If, however, the vaccine were treated as a global public good, this disparity would be drastically diminished. Granting life saving medical technology status as a global public good would make vaccinations “nonrival” (people would not have to compete for access) and “nonexcludable” (everyone would have access). Essentially, the vaccine would no longer be privately owned. Some argue that making the vaccine a public good would decrease its production and minimize the private efforts that have led to its existence in the first place. This, however, is based on false perceptions of how the vaccination process works. According to one study, at least 97 percent of the funding for the Oxford-AstraZeneca vaccine came from public sources, and yet the vaccine is reaping a profit for the private firm. Vaccine manufacturers even offered to produce higher quantities of the vaccine—facilitating its distribution—but the select pharmaceutical companies that own the patent rights to the vaccines refused. There have been a number of calls from UN Secretary General Antonio Guterres, the World Health Assembly, UNESCO’s International Bioethics Committee, and the World Commission on the Ethics of Scientific Knowledge and Technology to treat vaccines as global public goods, but those who benefit from vaccine patents and their privatization continue to block any and all efforts to do so.
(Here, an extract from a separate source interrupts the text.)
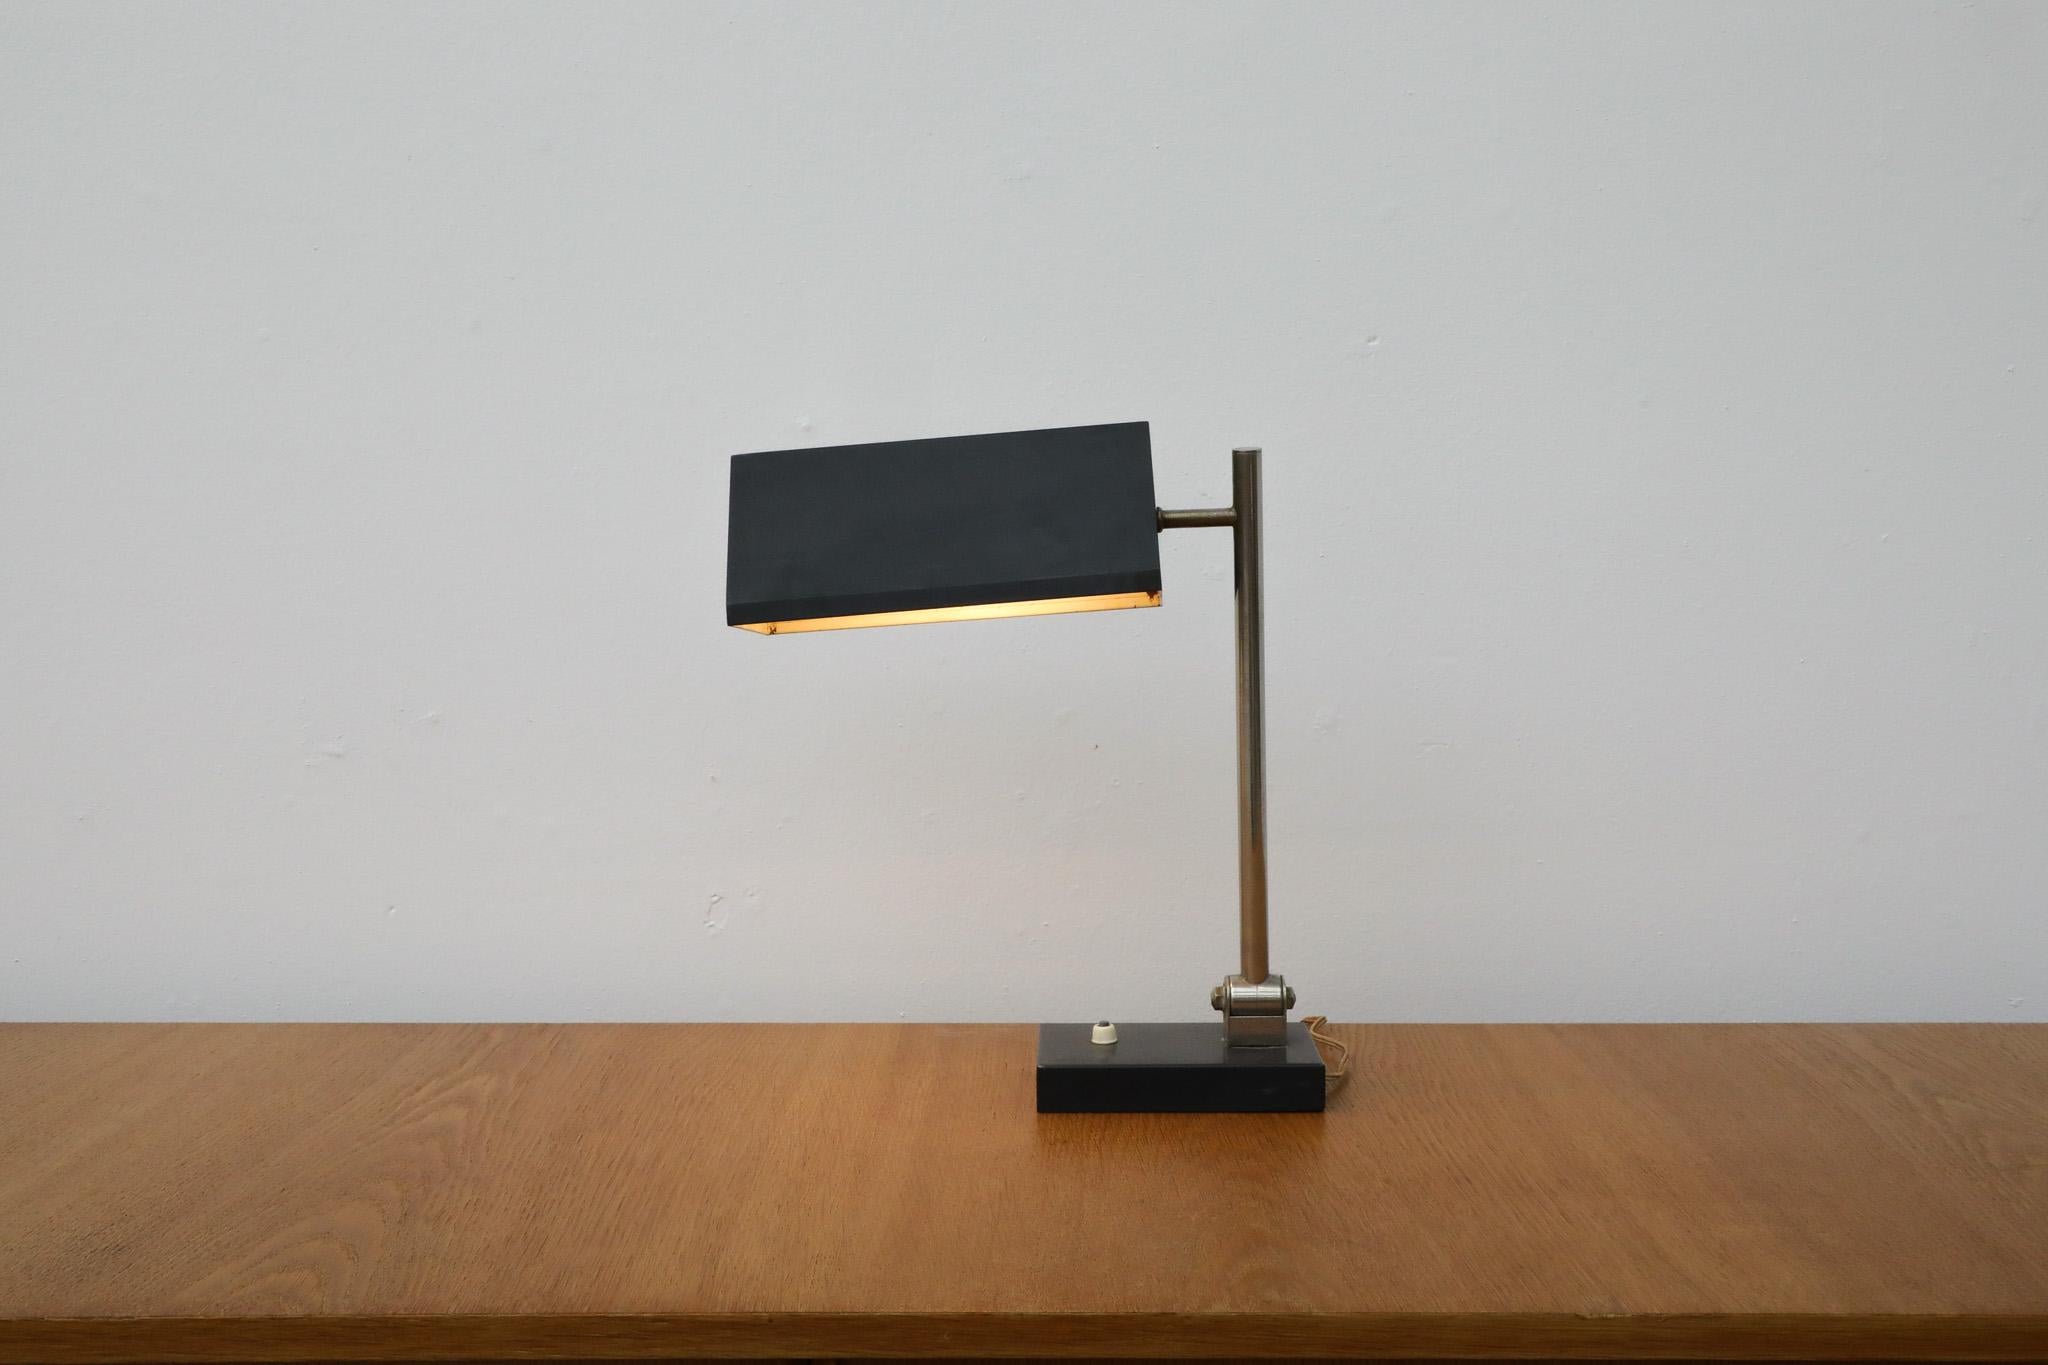 Vintage Mid-Century desk lamp by Dutch post-war design great H. Busquet for the renowned Hala Zeist lighting manufacturing company. Made in the mid 1950s. The light sports a black enameled triangular metal shade seated atop an articulating chrome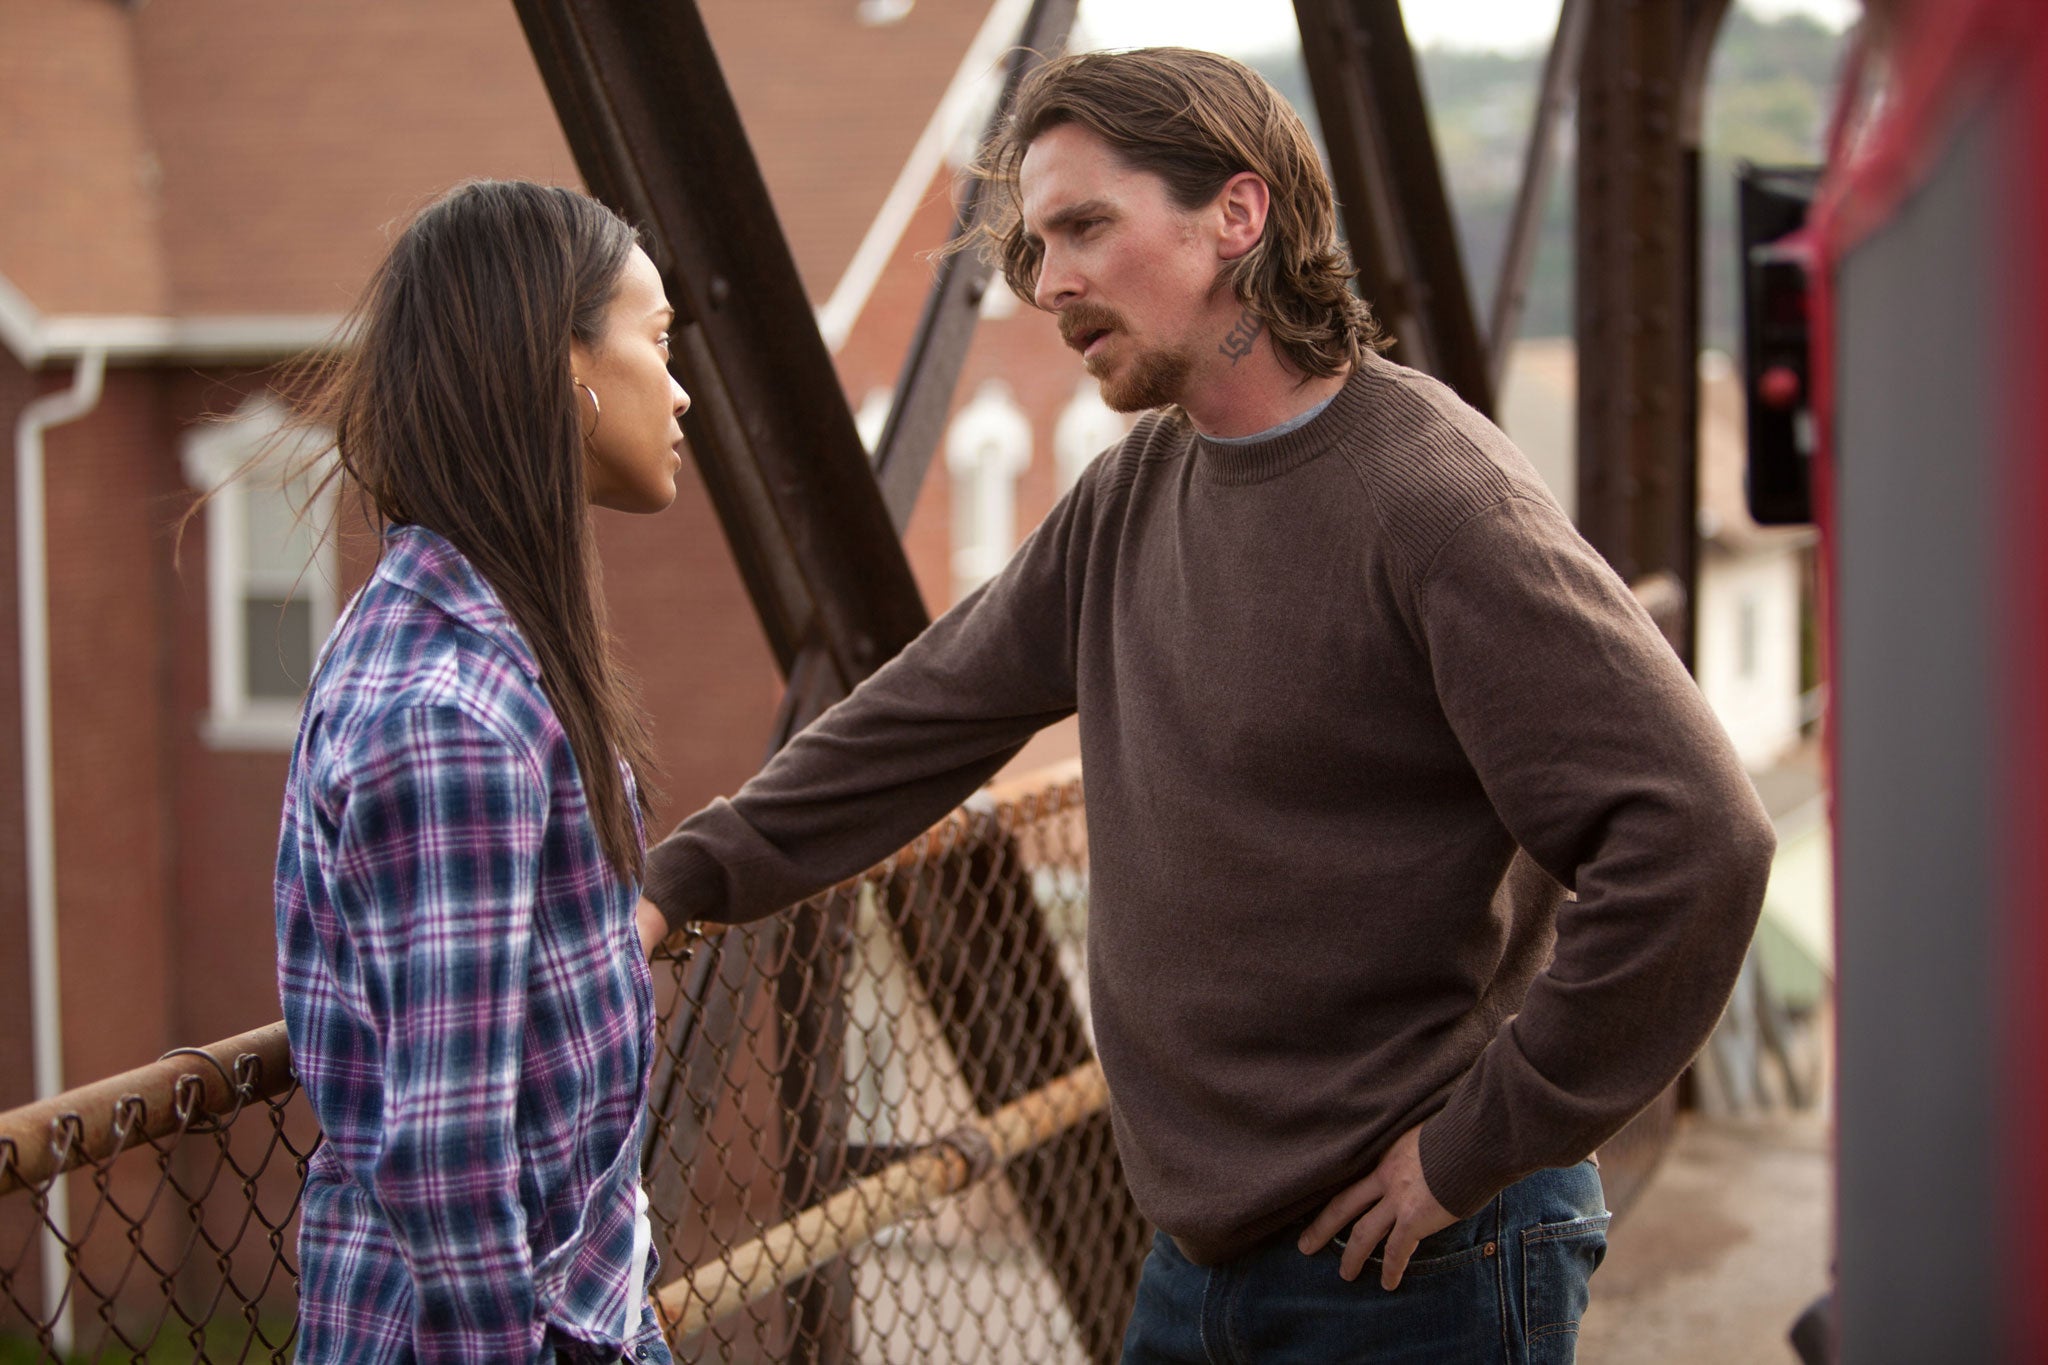 Christian Bale and Zoe Saldana in 'Out Of The Furnace'

Certain developing nations have shown that, with the necessary resources, widespread vaccination is possible. Pakistan, for example, used the grassroot effort of 13,000 women-led teams to engage in a door-to-door campaign to vaccinate the people of the Sindh province. They succeeded in vaccinating six million people in just ten days. Similarly, the Philippines vaccinated 7.6 million people in three days by setting up 8,000 centers across the country.
These nations have demonstrated that, when the vaccine is made accessible, people in the Global South are eager and willing to receive it. Right now, and as long as private interests are placed above human health, that cannot happen.